In recent years, the research on the detection of malicious PDF documents based on artificial intelligence has made great progress. The main method is to obtain PDF documents metadata, structural features, JavaScript codes and behavioural characteristics through the parser, and use machine learning or deep learning algorithms for detection. Among the existing malicious PDF documents detection methods, the detection models based on byte features have low accuracy, and the detection models based on JavaScript features are not comprehensive enough. Although the accuracy of the detection models based on structural features and metadata have been high, the detection models have low robustness⁴ and insufficient detection capabilities for unknown malicious PDF documents⁵.
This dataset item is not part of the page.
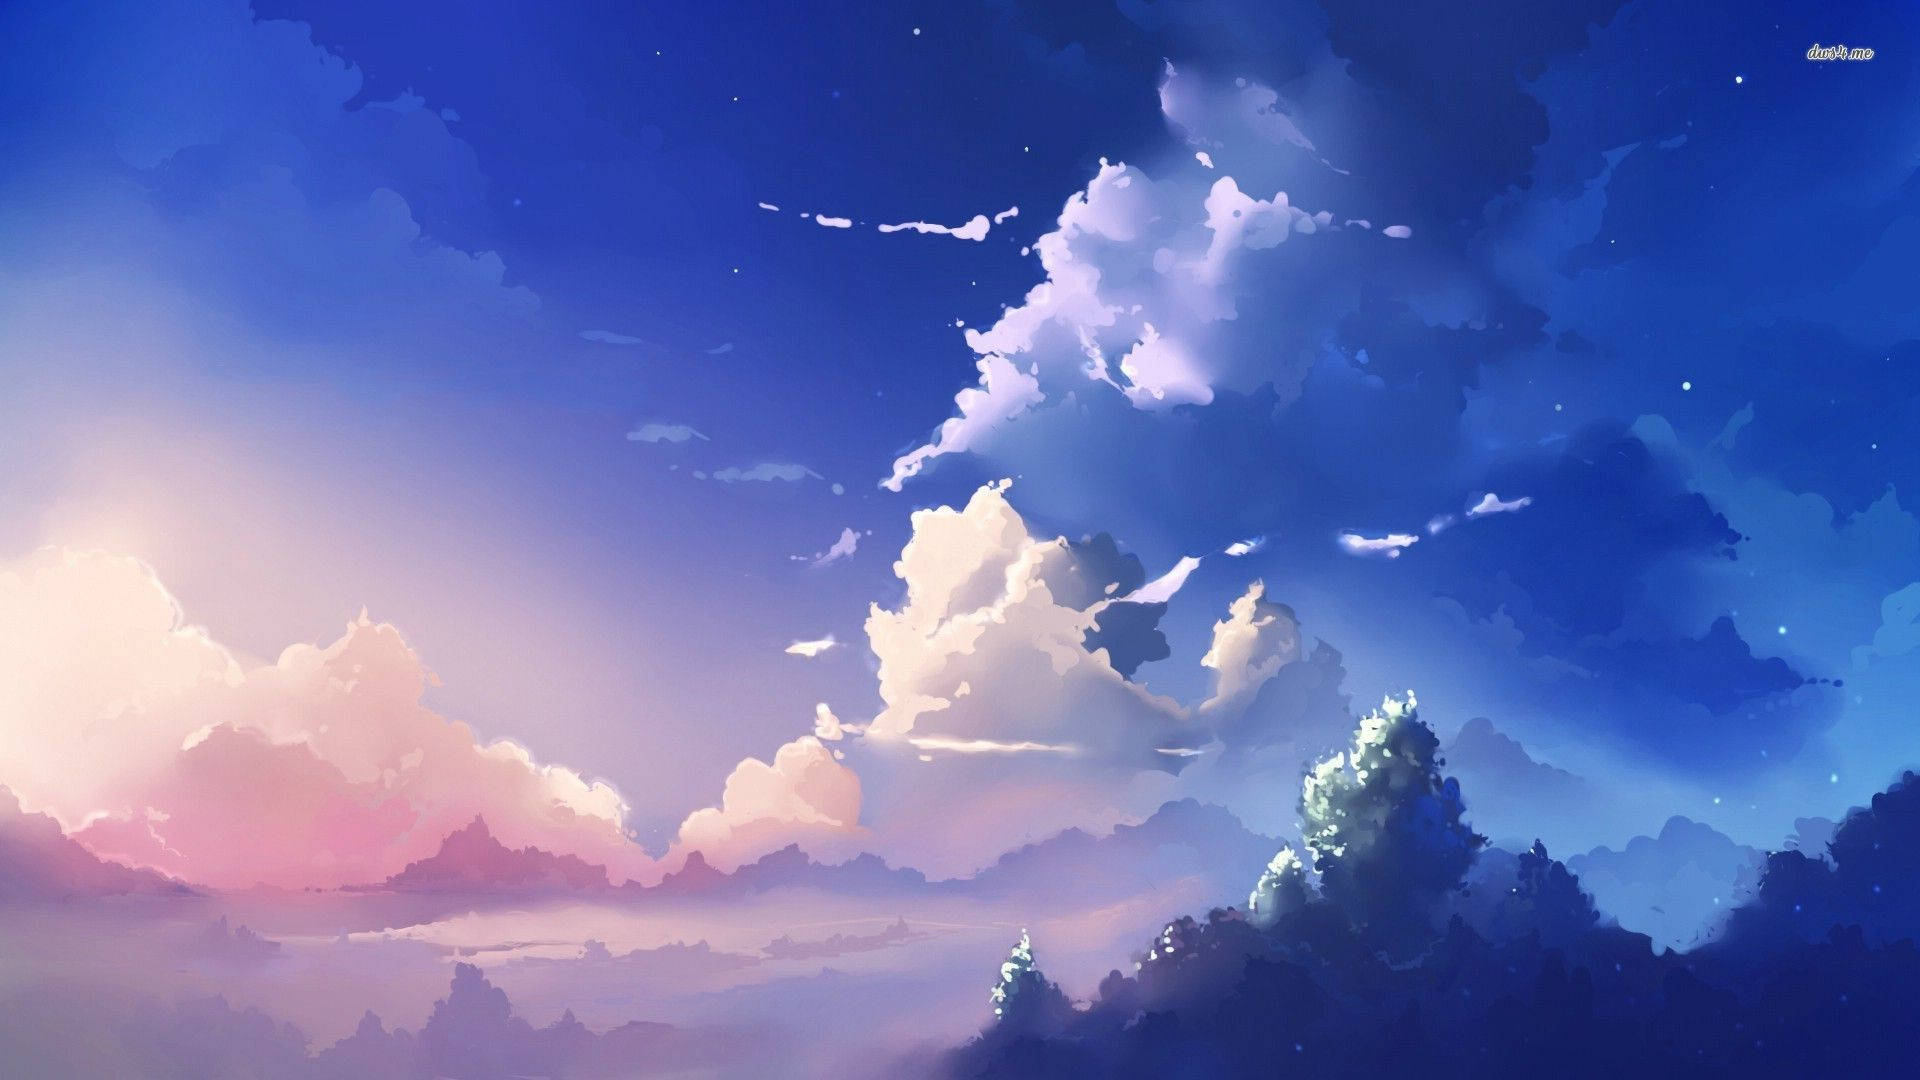 iPhone11papers.com | iPhone11 wallpaper | bd76-anime-sky -cloud-spring-art-illustration-blue

This paper proposes a detection technology for malicious PDF documents containing JavaScript based on benign samples. This technology uses benign PDF documents as training samples, uses one-class SVM machine learning algorithm to establish a decision model. The main contributions are as follows:

• The detection model has strong generalization ability, and the detection rate of newly discovered malicious PDF documents reaches 96.91%.
• By using semantic-level features of JavaScript code, the interpretability of the detection model is improved.
• The detection model uses JavaScript keywords and usage methods frequently used in malicious PDF documents as components of features, making feature selection more targeted and improving robustness.

2. BACKGROUND

PDF documents support JavaScript codes execution, which provides conditions for attackers to use programming languages to implement flexible and diverse attacks. Its complex structure provides convenience for effective concealment of malicious code.

2.1

JavaScript codes in pdf document

Since PDF 1.3, in order to enrich the functions, PDF documents introduced JavaScript codes for interactive form, digital signatures, and display of 3D objects. The JavaScript codes can exist directly in the object, or it can be stored in the stream after being encoded, or it can be stored in an external file. The JavaScript interpreter integrated in the PDF reader can compile and execute JavaScript codes. The JavaScript codes in the PDF document can be executed automatically when it is opened, or it can be executed dynamically.

2.2

Attack method based on JavaScript code

There are three main attack methods for malicious PDF documents: JavaScript code-based attacks, embedded file-based attacks, and form submission attacks. Among them, JavaScript code-based attacks are the main method.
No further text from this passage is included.